WHAT NEEDS TO BE DONE: Transcribe, leaving out every picture, the lines that run from the start of the listing below through the line with "Tinker Bell will".

GIVEN DATA:
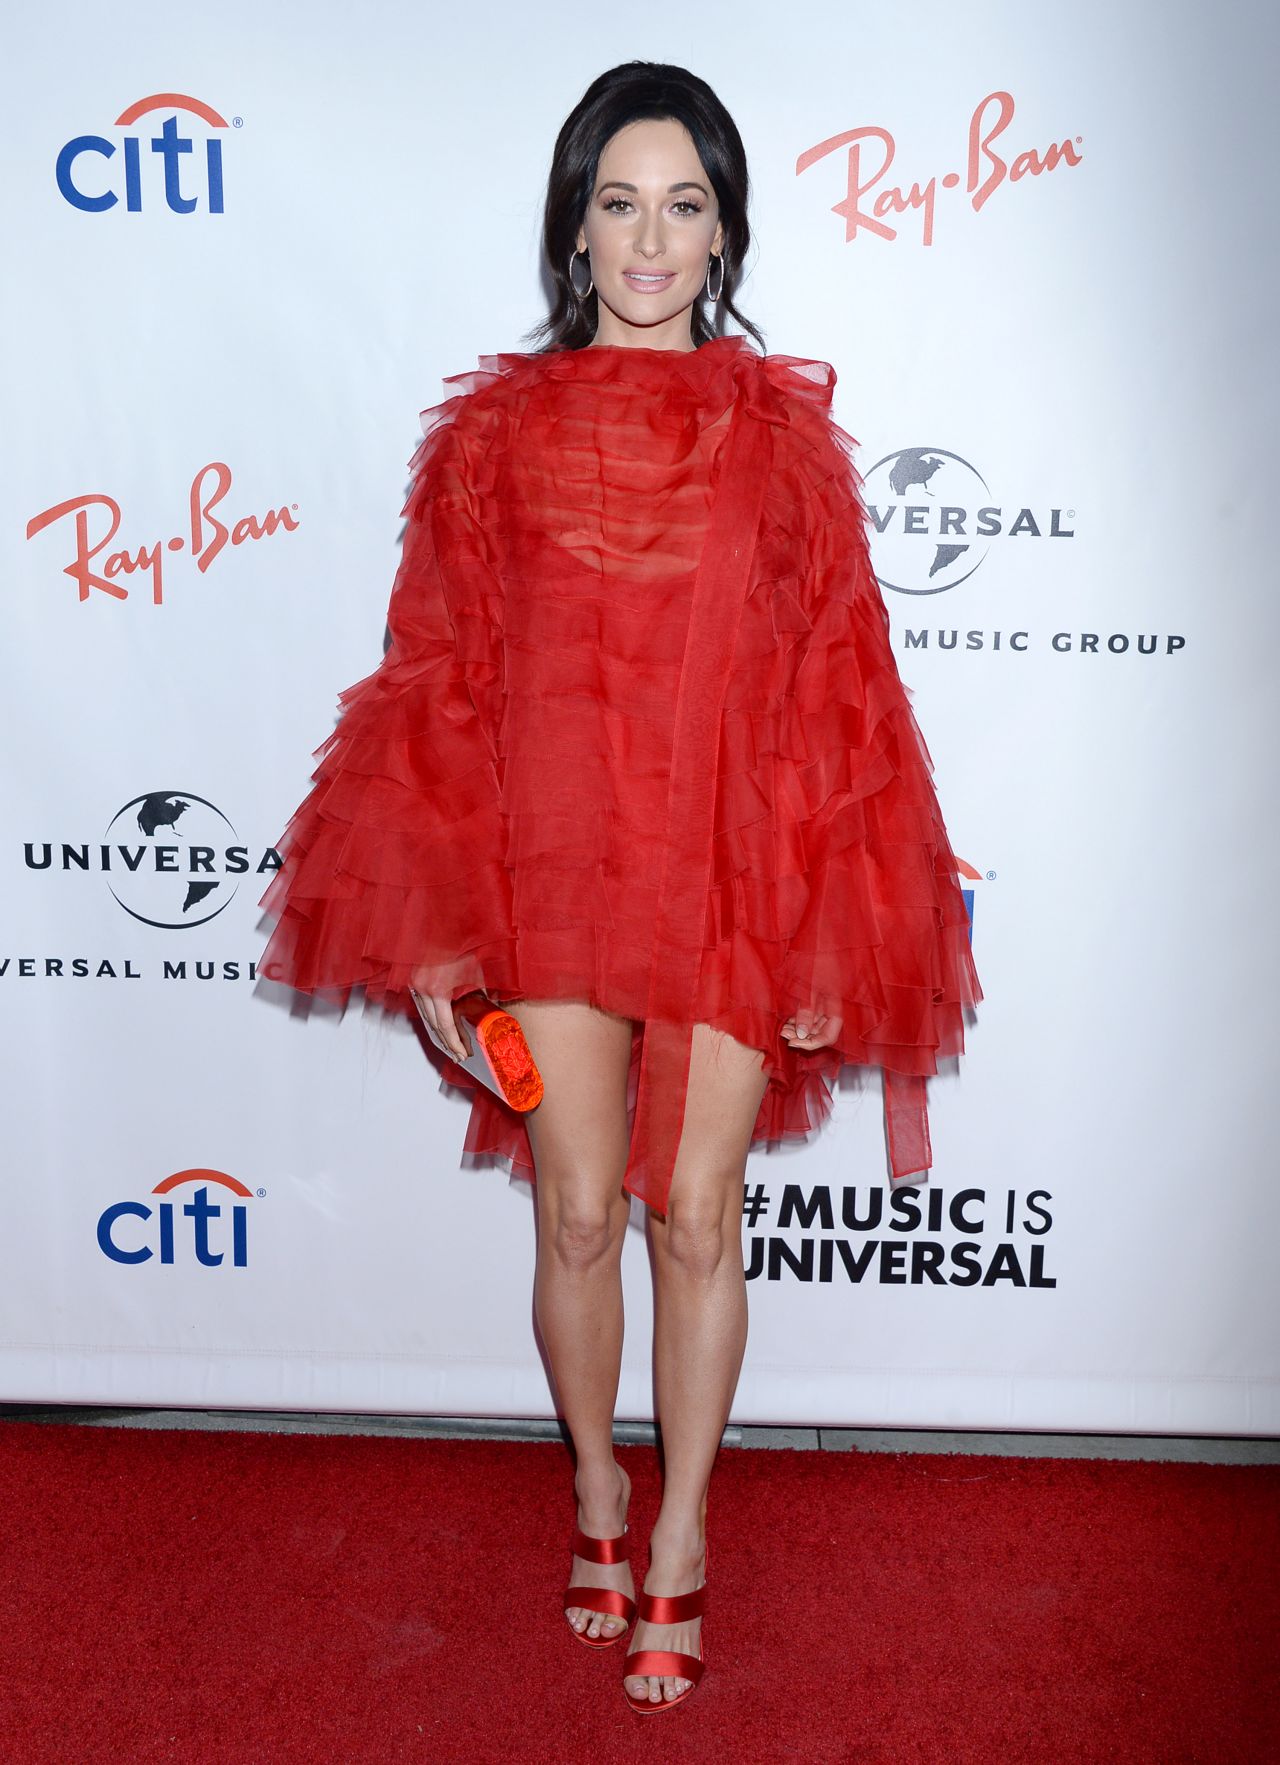 Kacey Musgraves – Universal Music Group Grammy After Party 02/10/2019
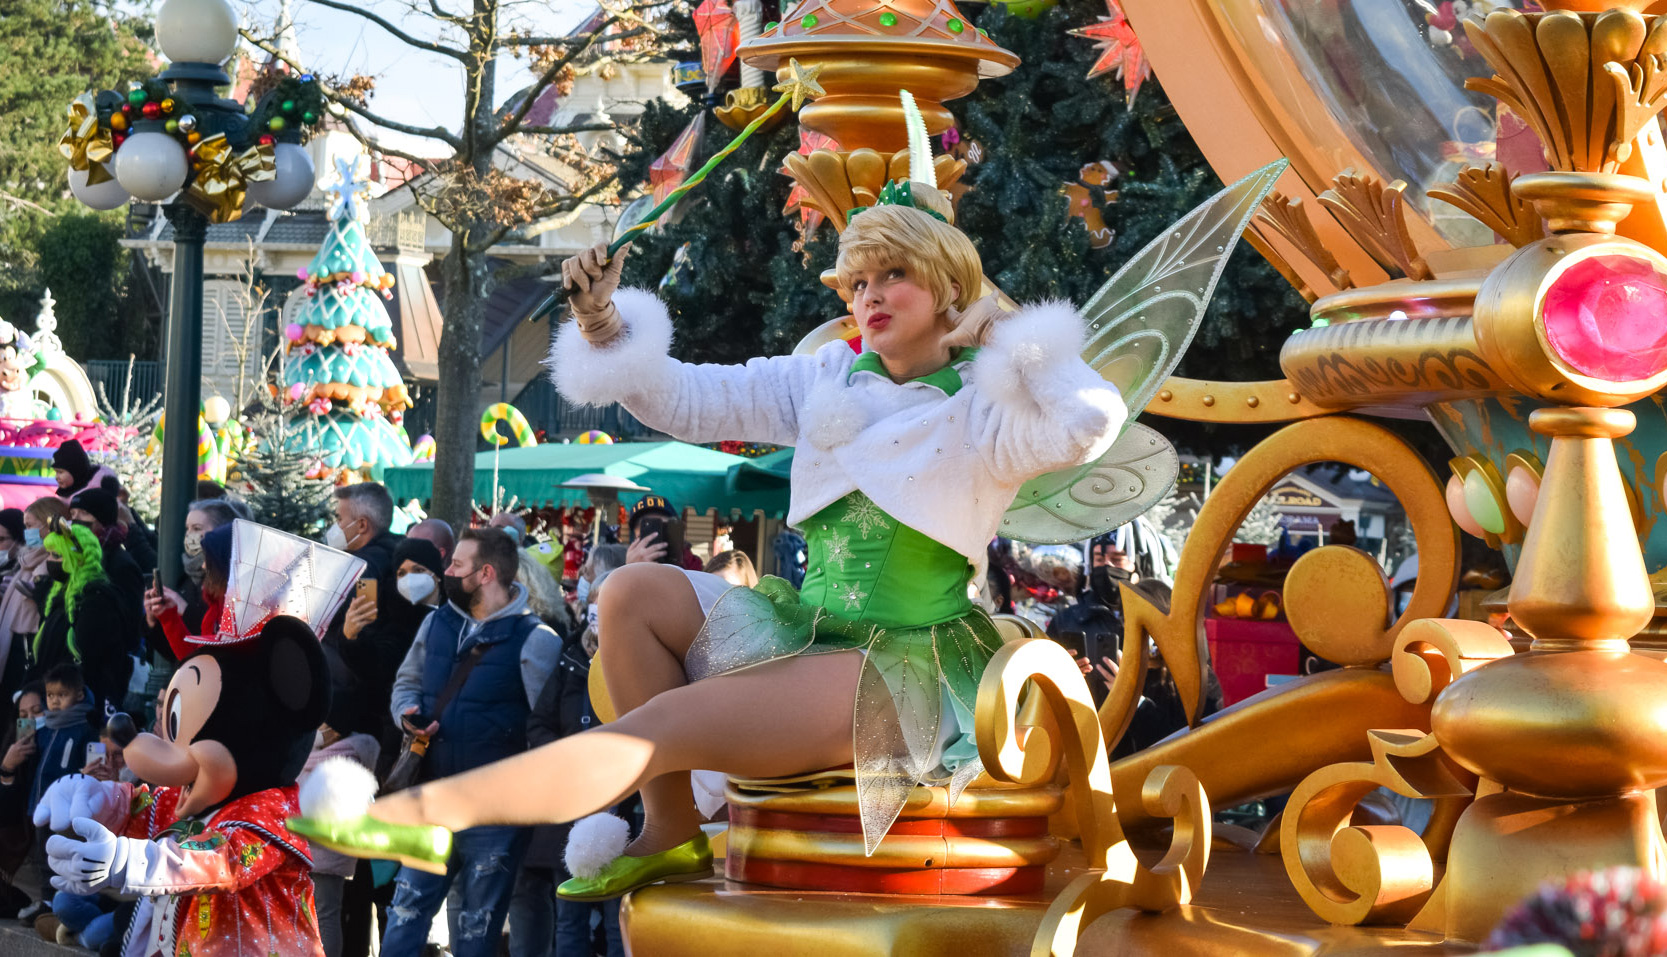 Tinker Bell will be the first Pop Up Surprise Character Meet & Greet at Disneyland Paris exclusively for Disneyland Pass & Annual Pass Holders!
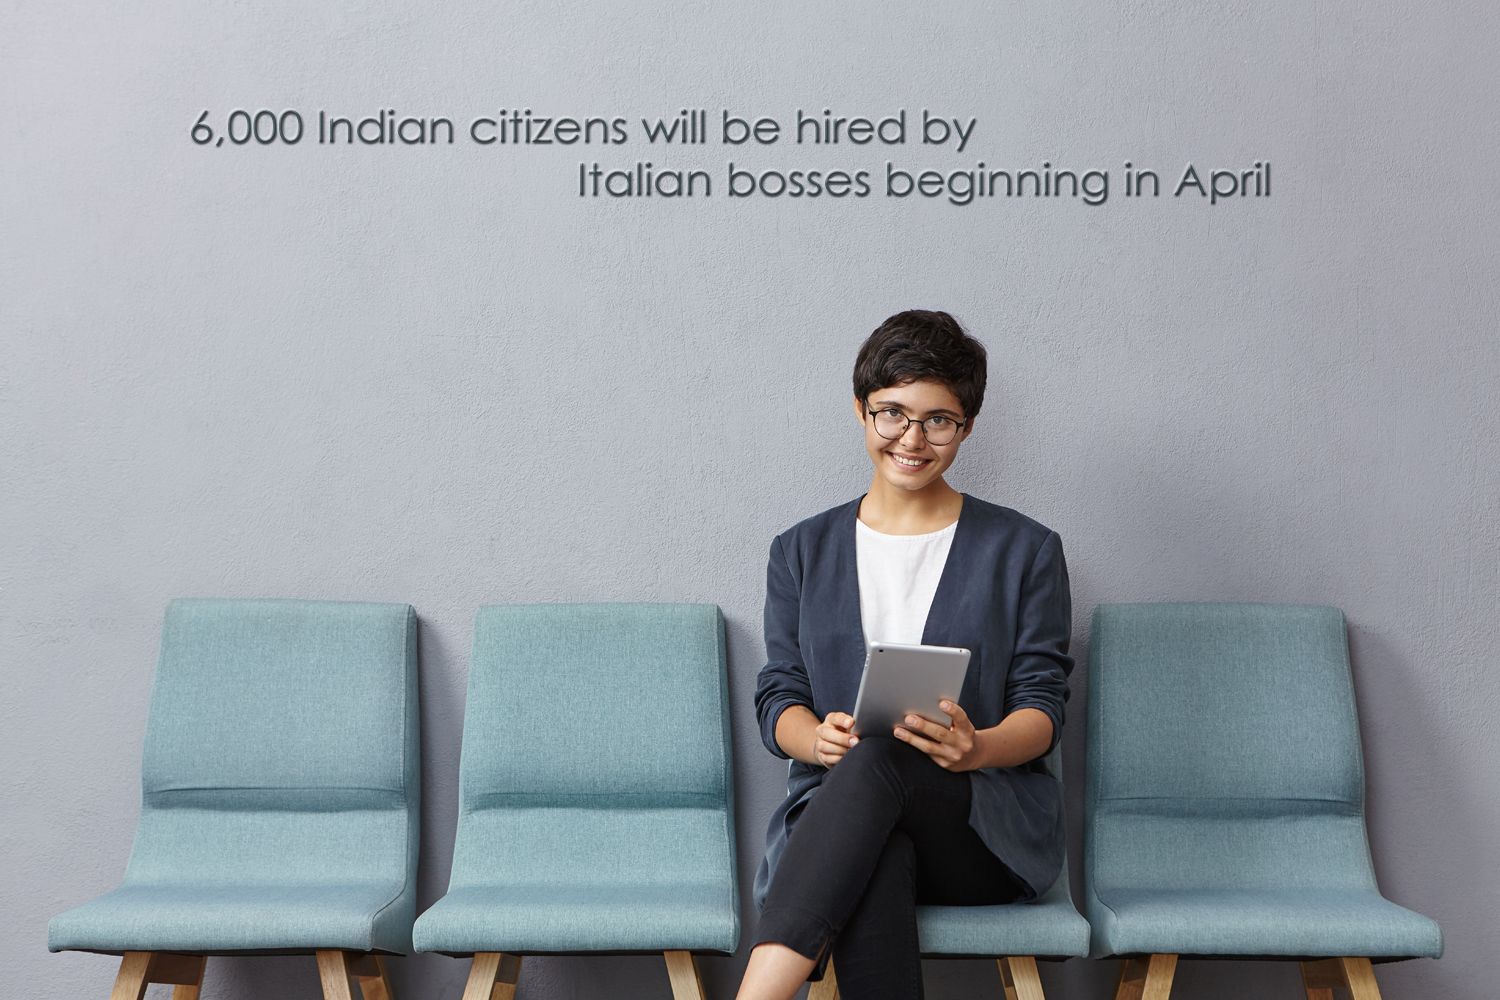 6,000 Indian citizens will be hired by Italian bosses beginning in April.
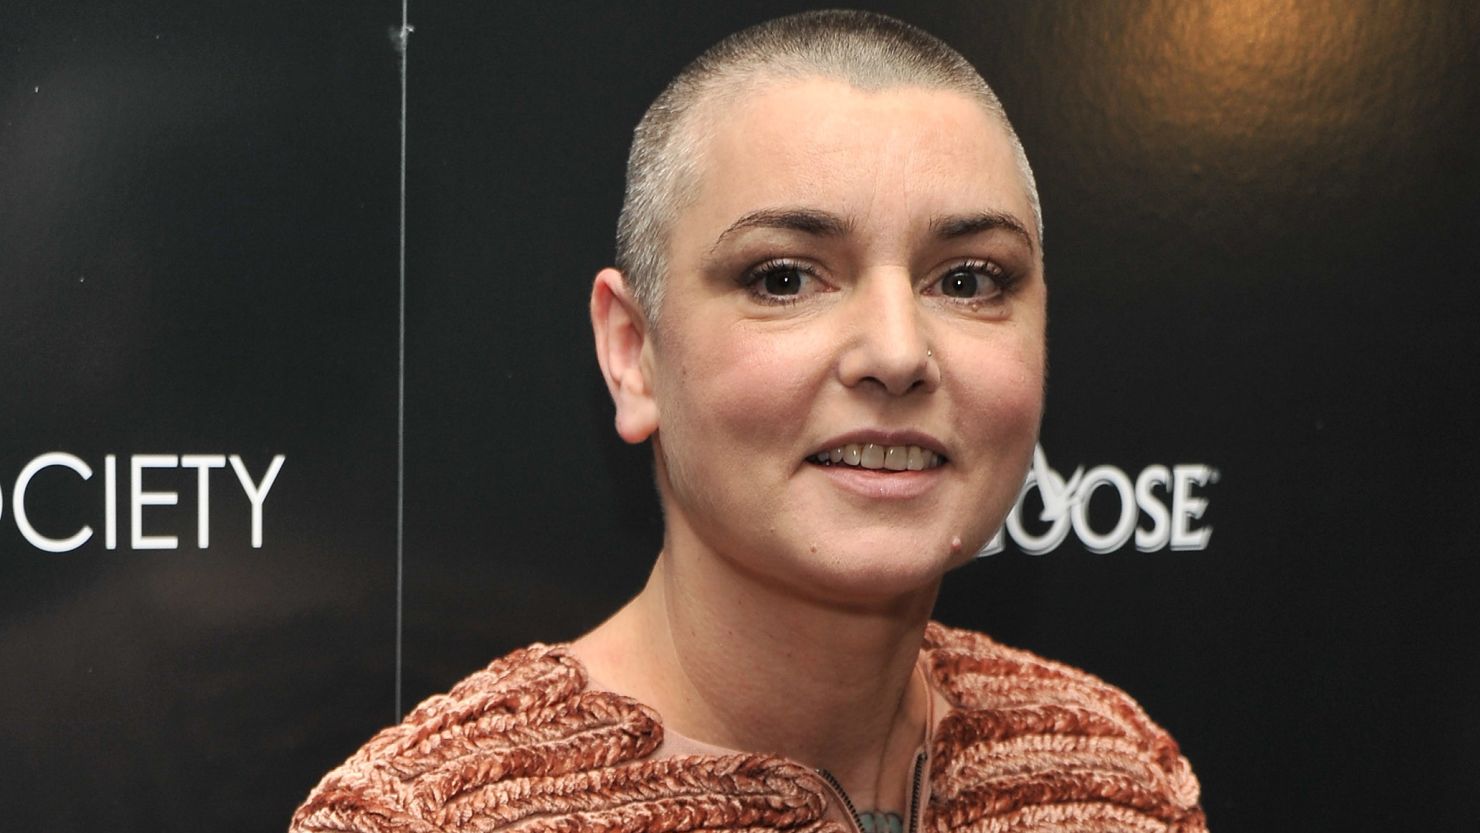 Sinead O'Connor 45, announced her split from Barry Herridge on Monday, 18 days after they tied the knot .

WRITTEN ANSWER:
 Kacey Musgraves – Universal Music Group Grammy After Party 02/10/2019
 Tinker Bell will be the first Pop Up Surprise Character Meet & Greet at Disneyland Paris exclusively for Disneyland Pass & Annual Pass Holders!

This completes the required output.